I understand the problem of your writer's block, and want to help. I realize that you need some competition to propel you toward the completion of your novel, but I'm simply not a worthy writing adversary. This shouldn't in any way obviate your completing the novel out of pure spite for me. Rather, complete the novel to spite my vast wealth, my superior manners, my great store of learning, my wonderful family, and my sense of mental well-being. Those should be your true objects of envy, not someone's passing comment on reading my work.

12:39 PM  
Blogger Avram Hooknoobie, Grand Muck of All That is Writ said...

Bull Hockey. Jason is a phenomenal writer and we will all take great delight in using you as an excuse to keep working. Don't delude yourself. You kick butt, Mostro kicks butt, Motormouth kicks butt, and occassionally I get a swift kick in as well. United, we are ensuring one very unhappy butt. Or all our butts are getting it in the end. Whichever, we ensure we are all progressing.

Keep asking yourself if you are farther along than you were a year ago. Yes? Then you are where you need to be. Have you progressed from last week? Read more books, watched more movies, written a sentance that wasn't there before, gone out to drinks or dinner with someone in the department, had a conversation in the hall, or just moved to the other side to air out the bedsores? Celebrate that.

Competition is as good a self-starter as any. Use it. Some may also call it inspiration. I'm inspired to kick your butt. Hey if it works . . .

Like anything, completing a novel is as problematic as completing a PhD. You need times when you are forced to do what it is that you really need to do. There are times when the mind rebels and you just shut down until you recharge. Sometimes that means sacking out on the couch or going to the park or not doing anything for a whole summer. Accept that you need that time. Accept that you have PhD or Writer's or whatever block. And accept that sometimes you can self start, and sometimes you need a significant other to get you going again, or the support of friends, or even the spectre that your friends are doing better than you.

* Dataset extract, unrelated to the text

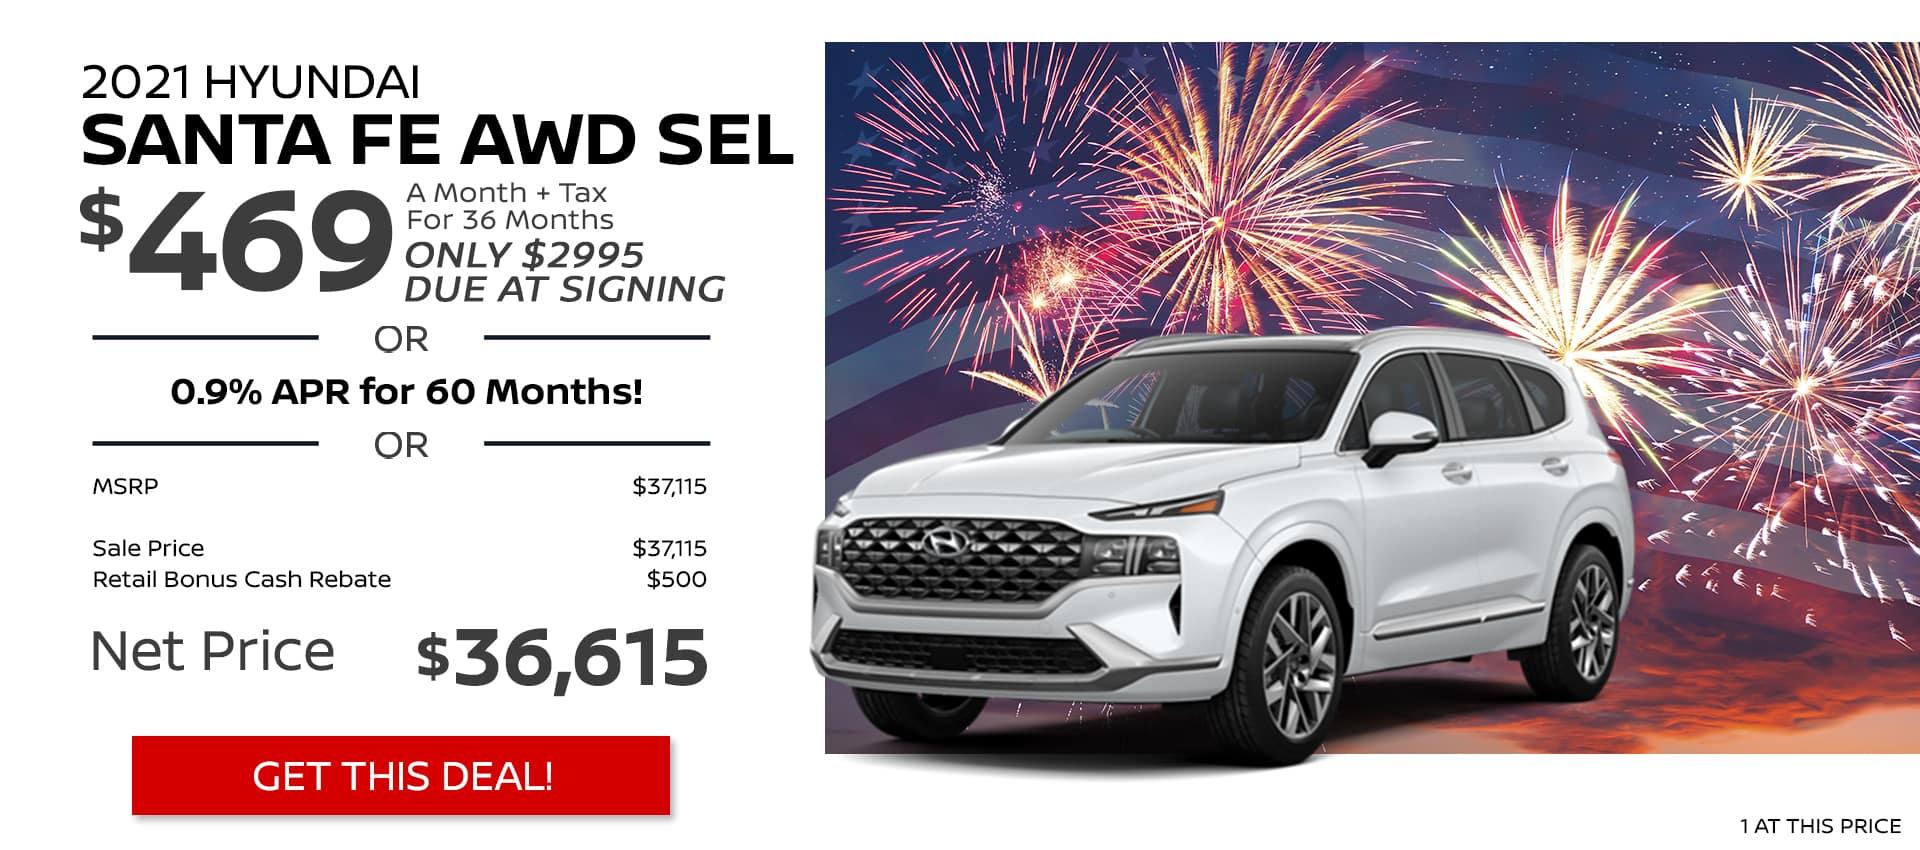 Hyundai Santa Fe AWD SEL JULY

Take your accomplishments on a daily basis. Today you might only have painted one minature. It wasn't the 12 books you have to read, or figuring out what classes are going to be offered in another department, or even making friends with the benighted other souls in your department. But that miniature looks really really cool. And it is ready for when next you actually get to play. Or you won a bid on some new minatures. Or you got the damn laundry done. It's more than I've done. There, you won the laundry competition.

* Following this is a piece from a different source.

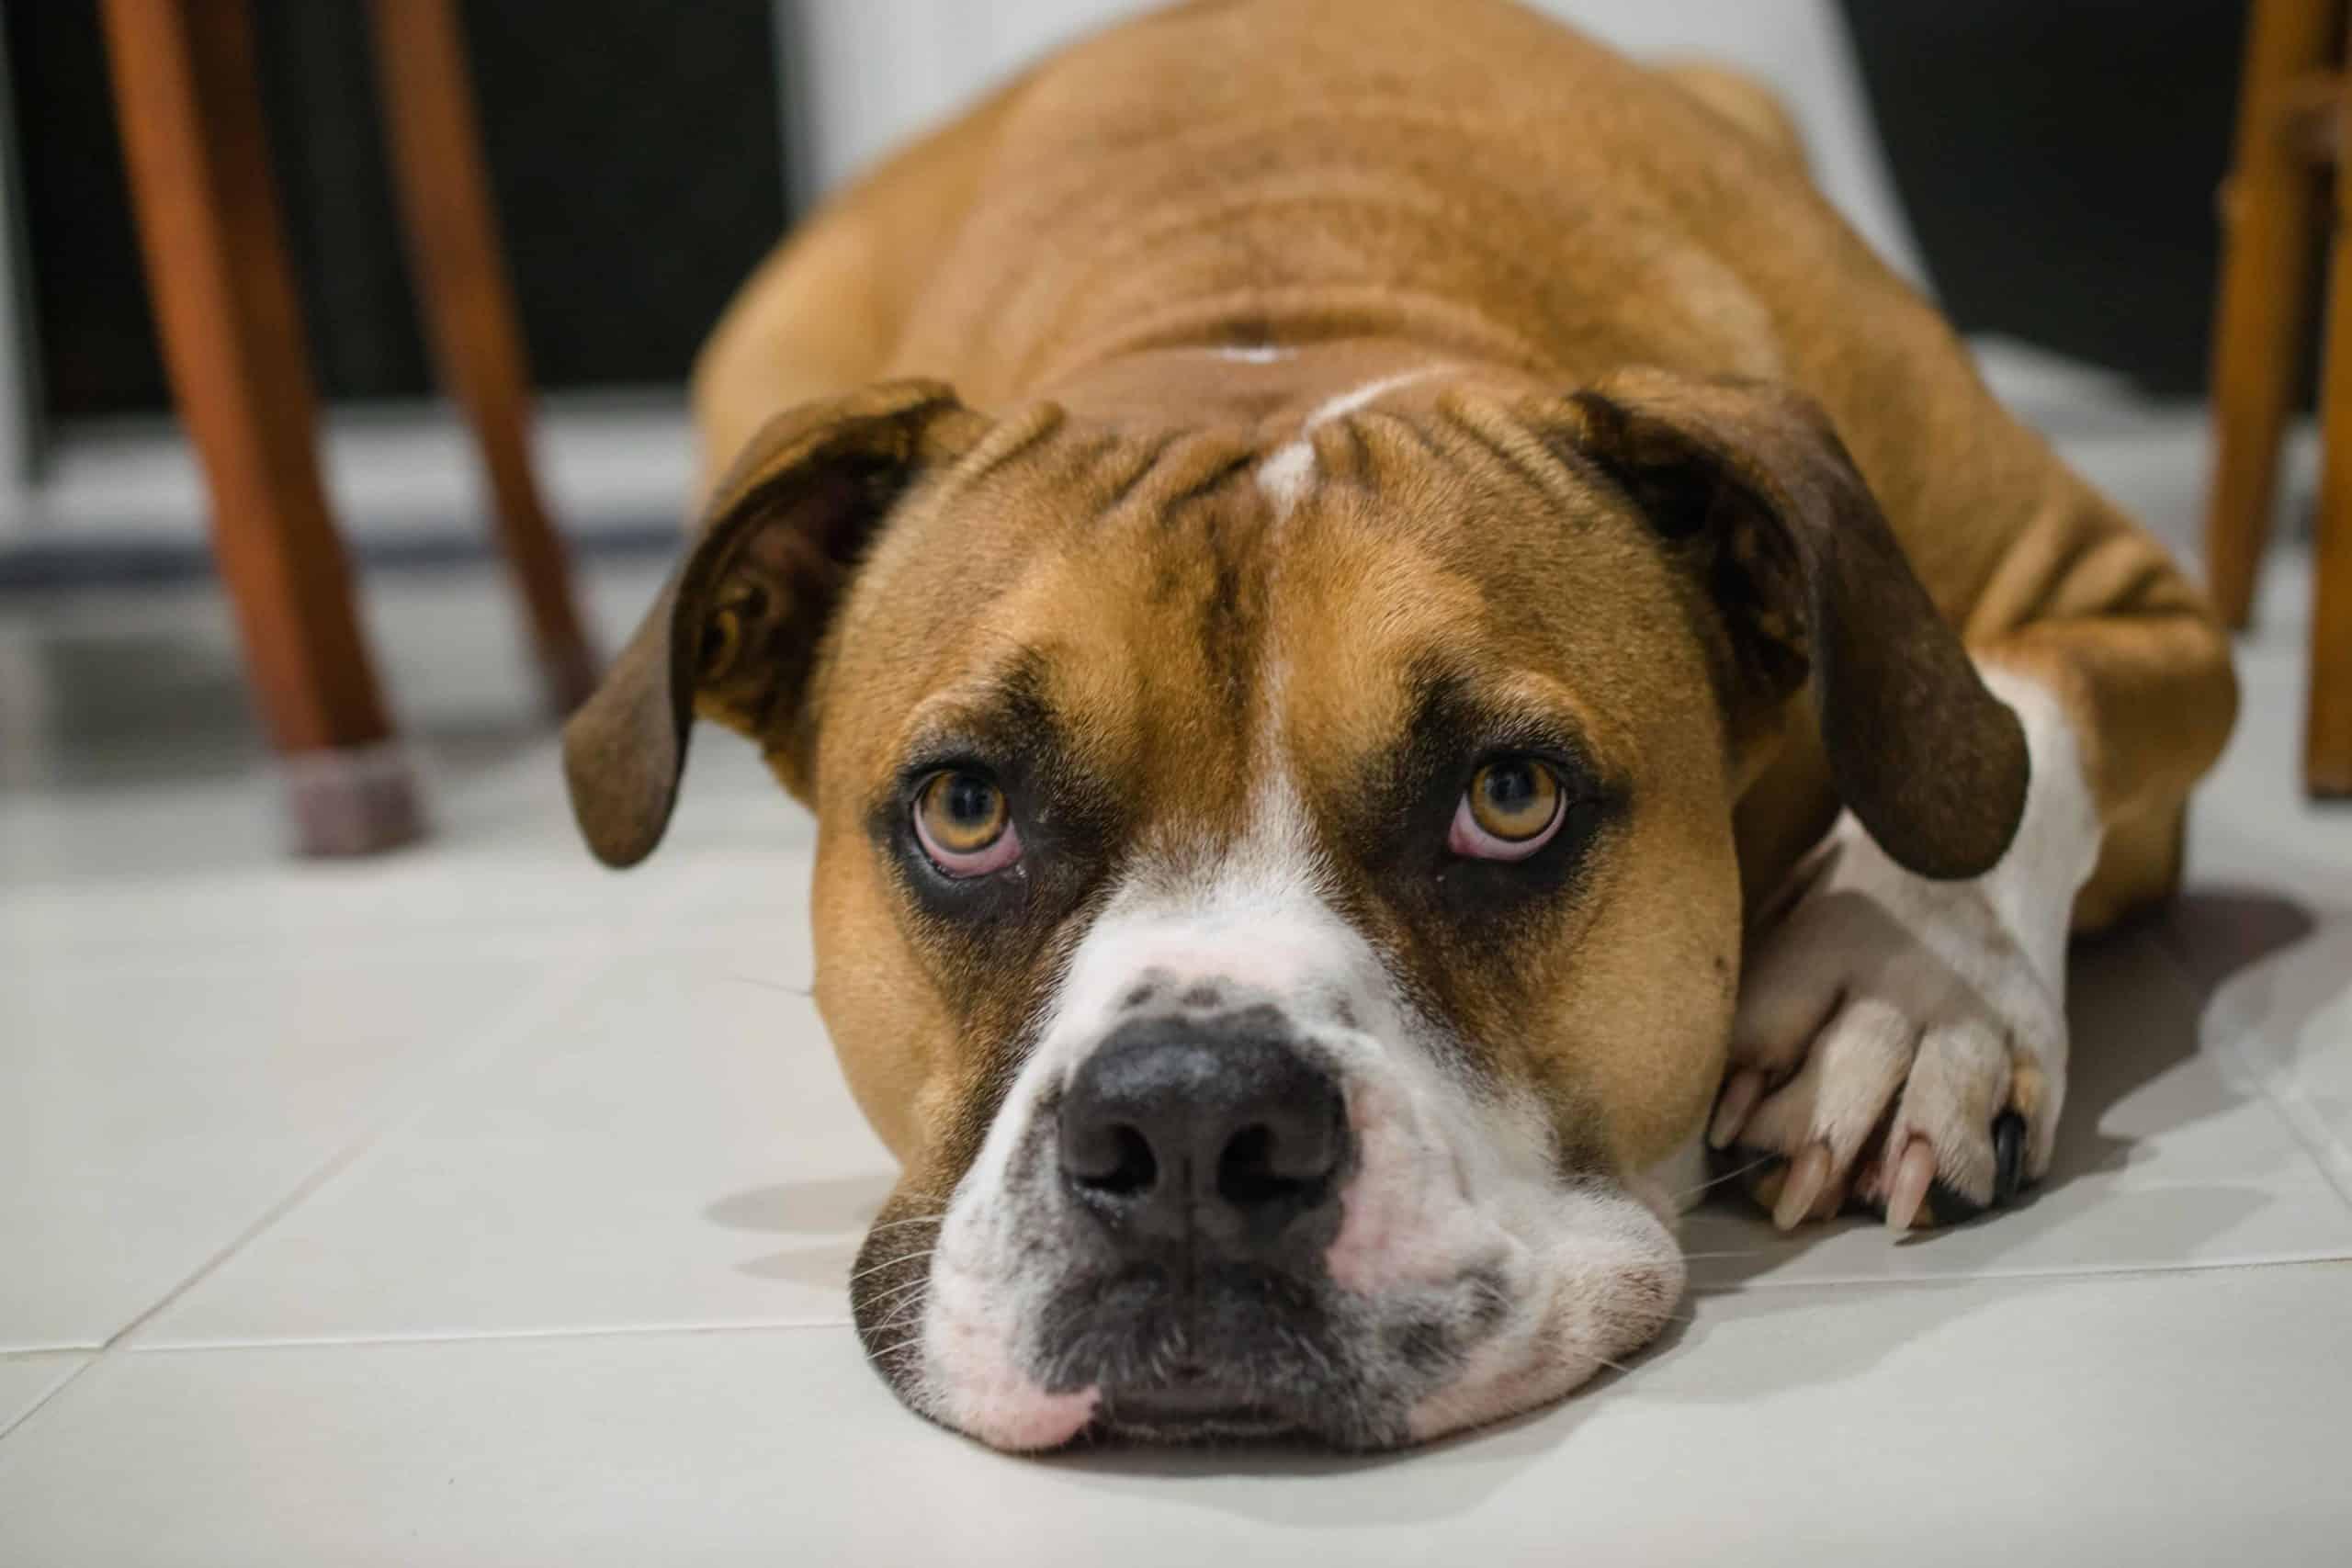 Australian Bulldog lies on the floor. The Australian bulldog is loyal and playful. It is one of eight bulldog breeds.

And maybe you thought about what you might do with part of your novel for about 2 minutes while you were on the can. Or in the act of describing your novel for the umpeenth billion time you realized you have a better idea of where you are going than the time you last described it to someone else. Keep jotting those ideas down. It shows You did SOMETHING on your novel.
All those little bits are part of the novel's progress. Why do you think they take so long?

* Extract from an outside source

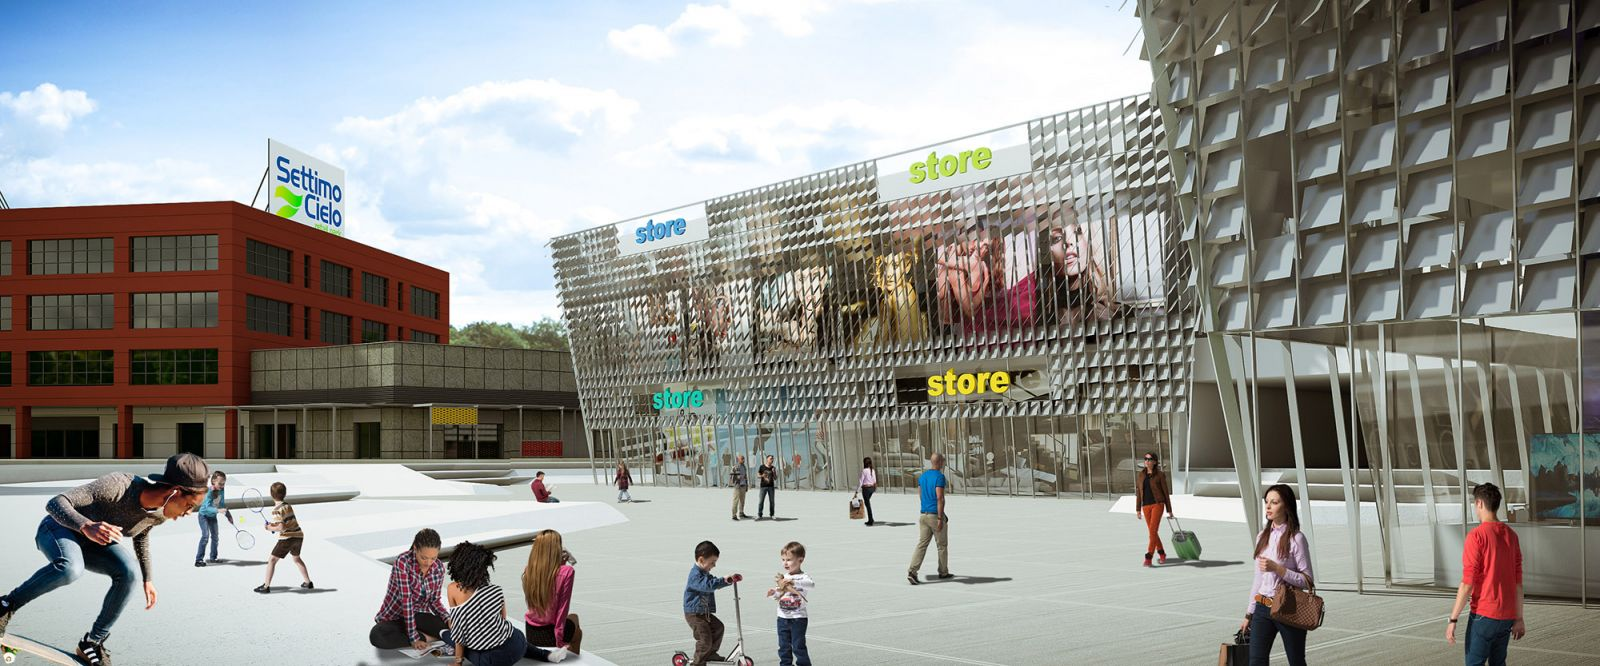 Settimo Cielo Retail Park 391

Bite by bite you end up swallowing the whale.

Have you heard of Melina May,
Who ate a monstrous whale?
She thought she could,
She said she would,
So she started in right at the tail.

And everyone said, "You're much too small,"
But that didn't bother Melinda at all.
She took little bites and she chewed very slow,
Just like a good girl should . . .

And in eighty nine years she ate that whale
Because she said she would!

There's always someone better ahead of you. That gives you a clear shot at their fundament. There's always someone behind you too.

Which brings me to a Ren and Stimpy reference. Ever see the Powdered Toast Man episode? Where he tells kids and the Pope riding him to cling tenatiously to his buttocks? Did you know the Pope's voice is actually Frank Zappa?

Not sure I have a point with all this. You're where you are supposed to be. Enjoy the ride.